▶ **Task directions**
Keep the pictures out, and restate the listing that follows exactly as written.

▶ **Given data**
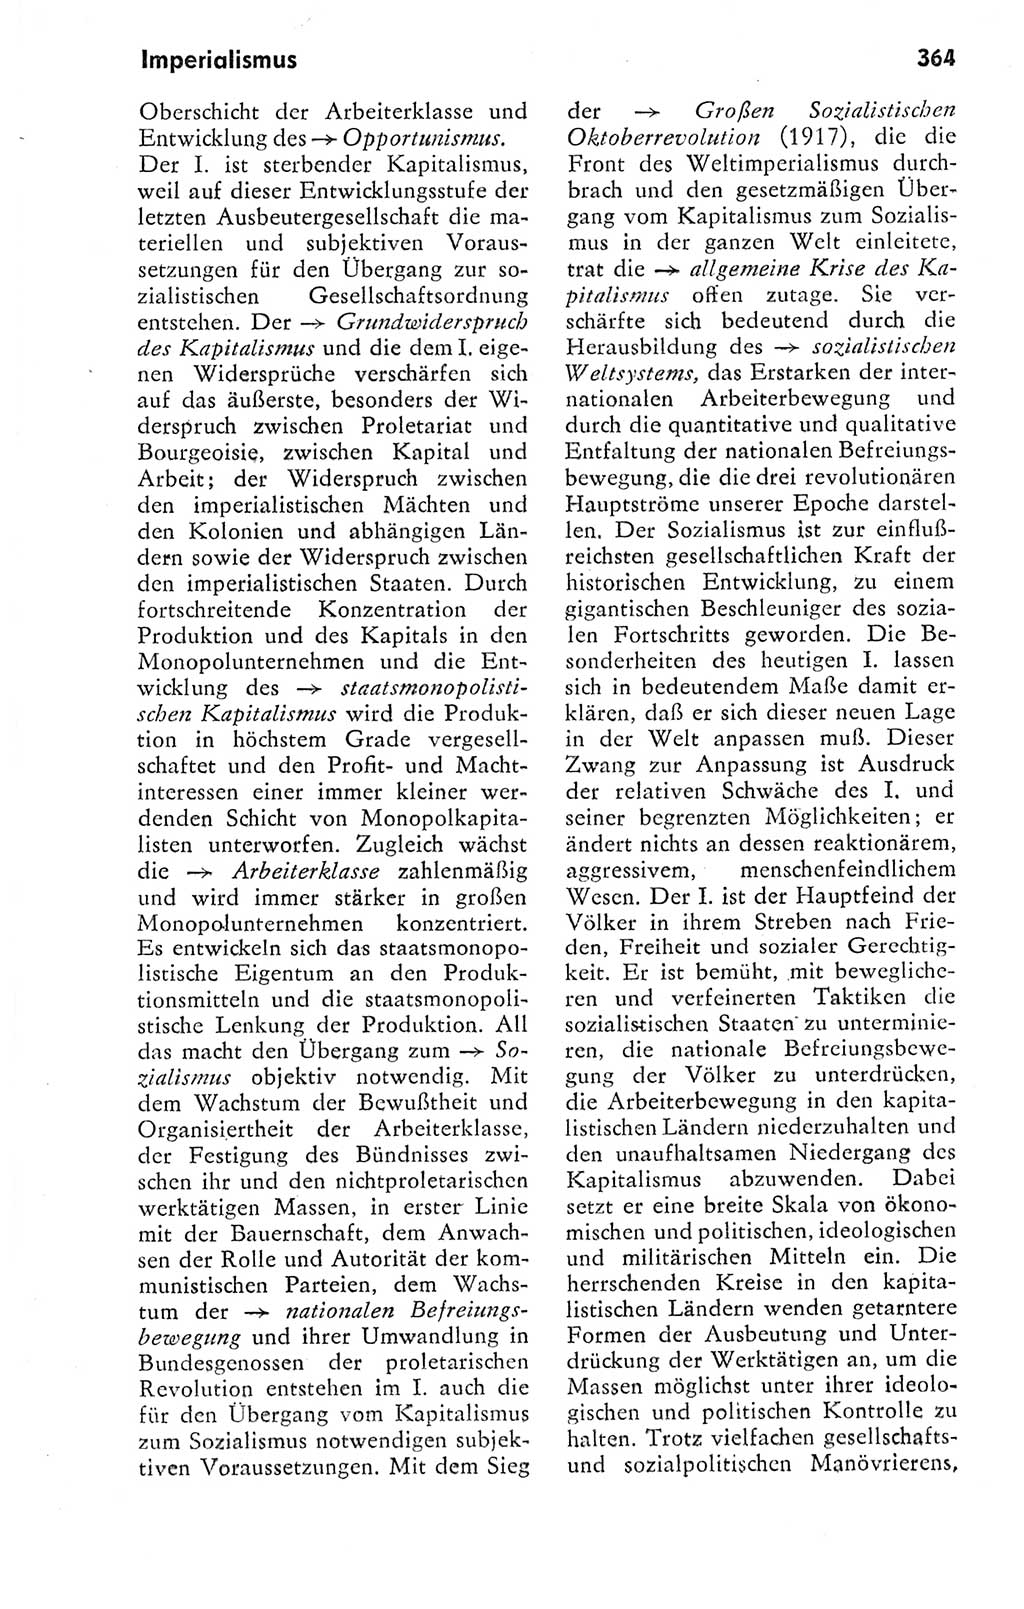 Kleines politisches Wörterbuch [Deutsche Demokratische Republik (DDR)] 1978, Seite 364 (Kl. pol. Wb. DDR 1978, S. 364)
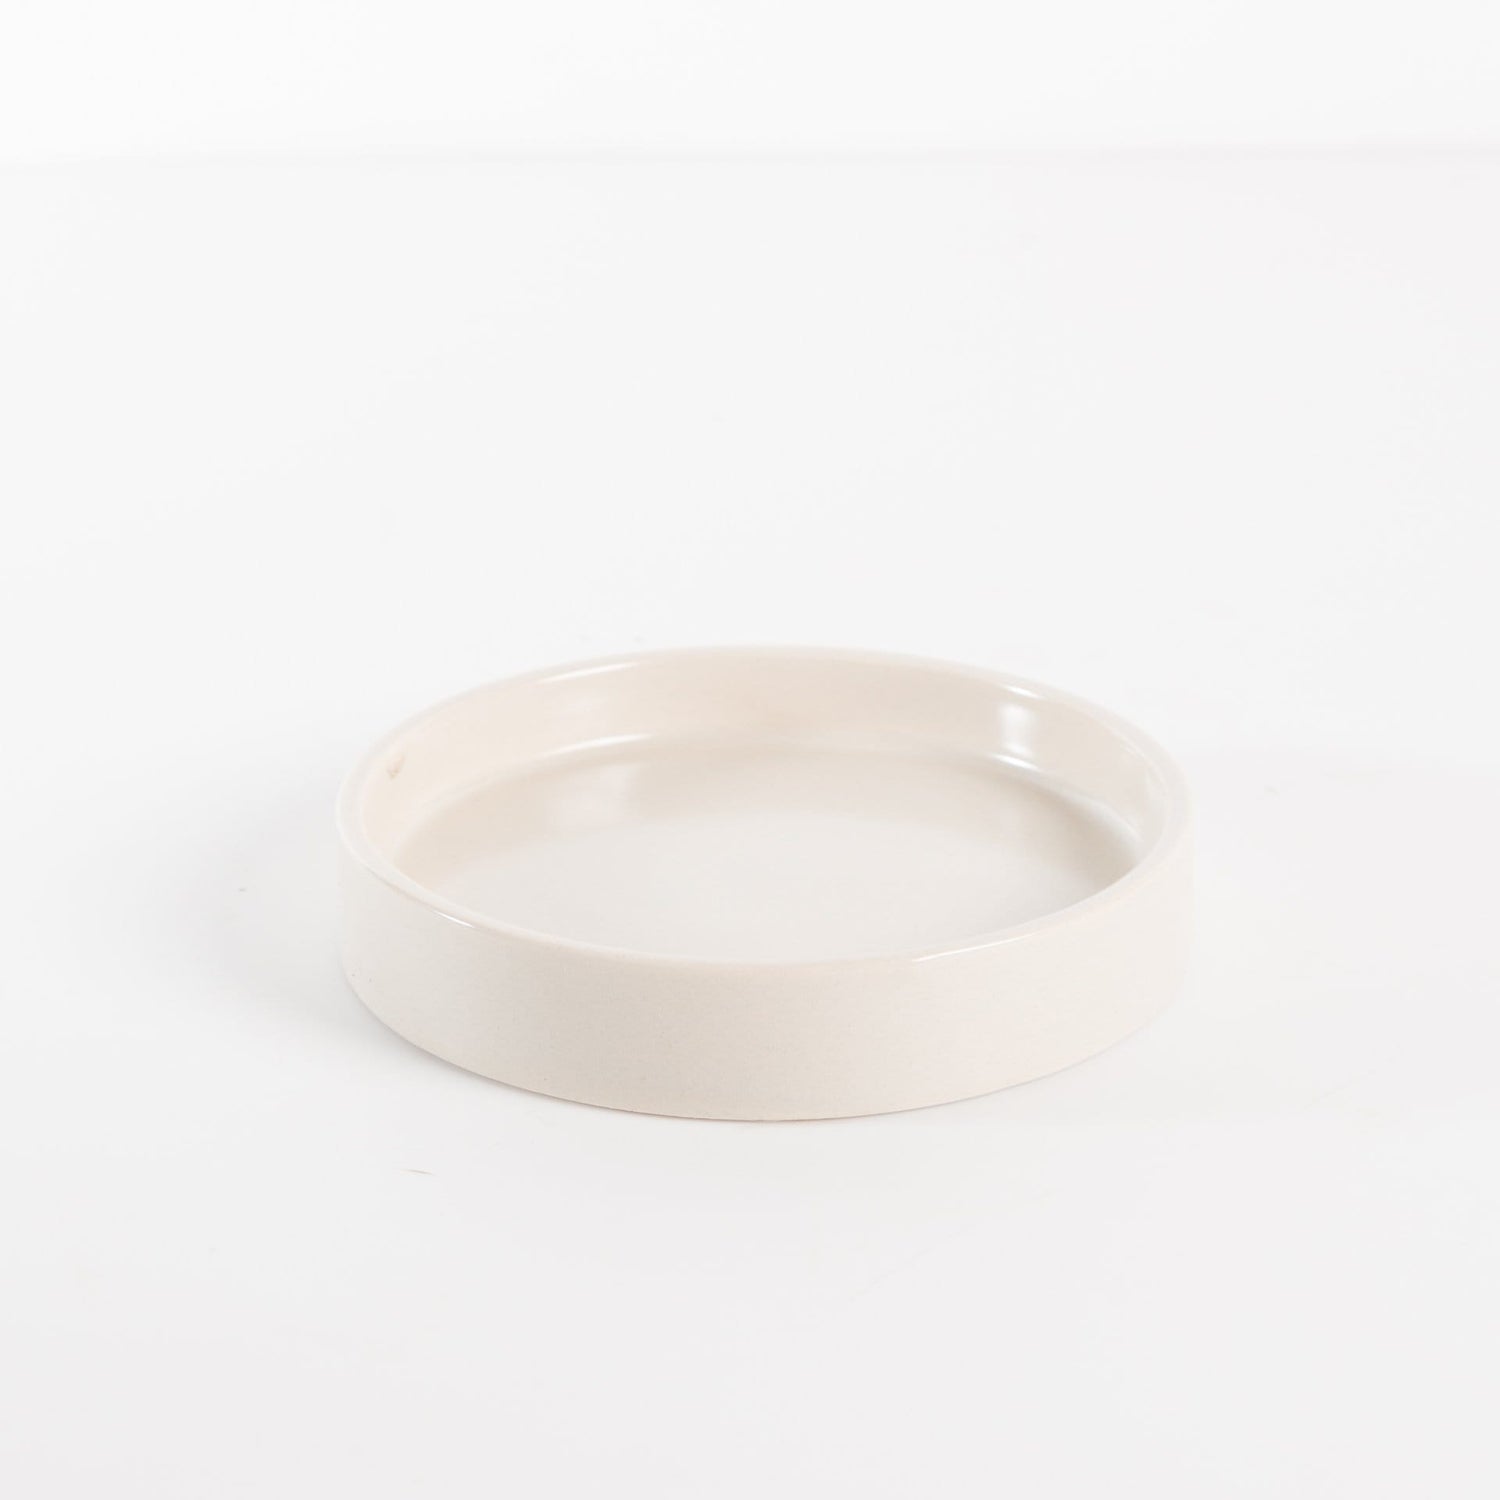 Washington Pottery Company Saucer 4.5" / Cream Essential Saucer
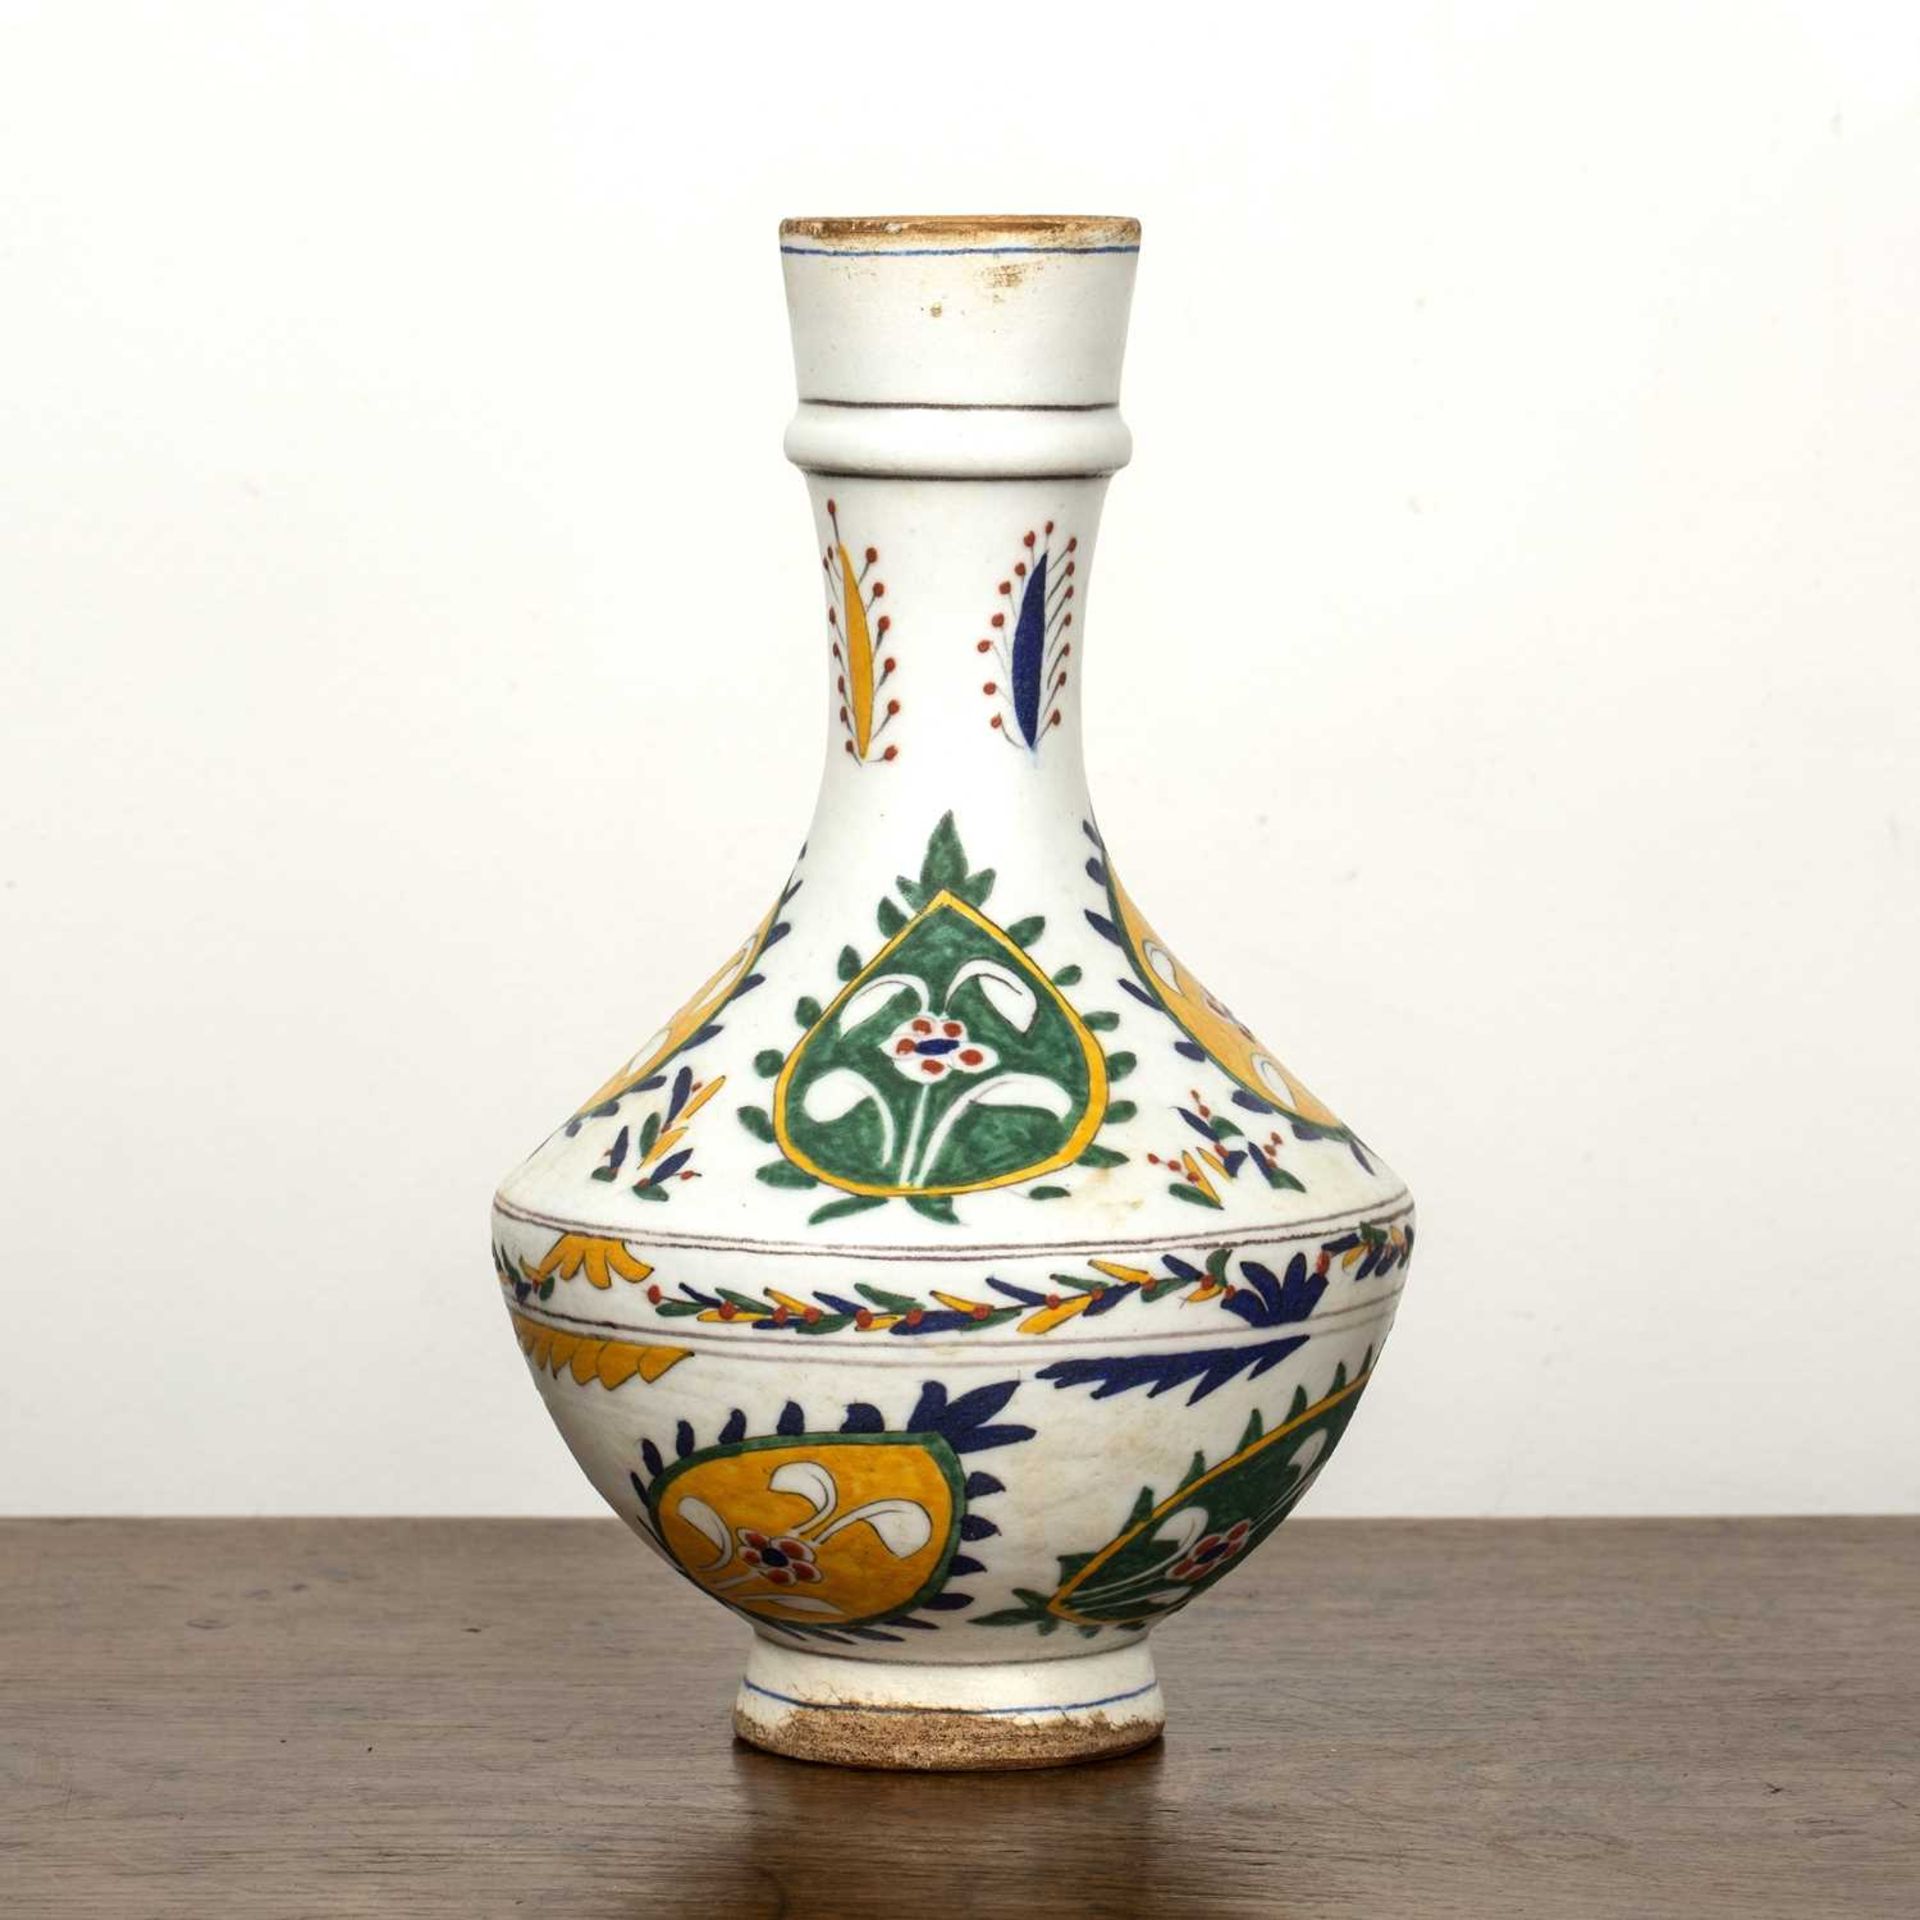 Kutahaya pottery vase Turkey, Turkey 18th/19th Century of white ground with painted leaf-shaped

▶ **Response area**
 Kleines politisches Wörterbuch [Deutsche Demokratische Republik (DDR)] 1978, Seite 364 (Kl. pol. Wb. DDR 1978, S. 364)
 Washington Pottery Company Saucer 4.5" / Cream Essential Saucer
 Kutahaya pottery vase Turkey, Turkey 18th/19th Century of white ground with painted leaf-shaped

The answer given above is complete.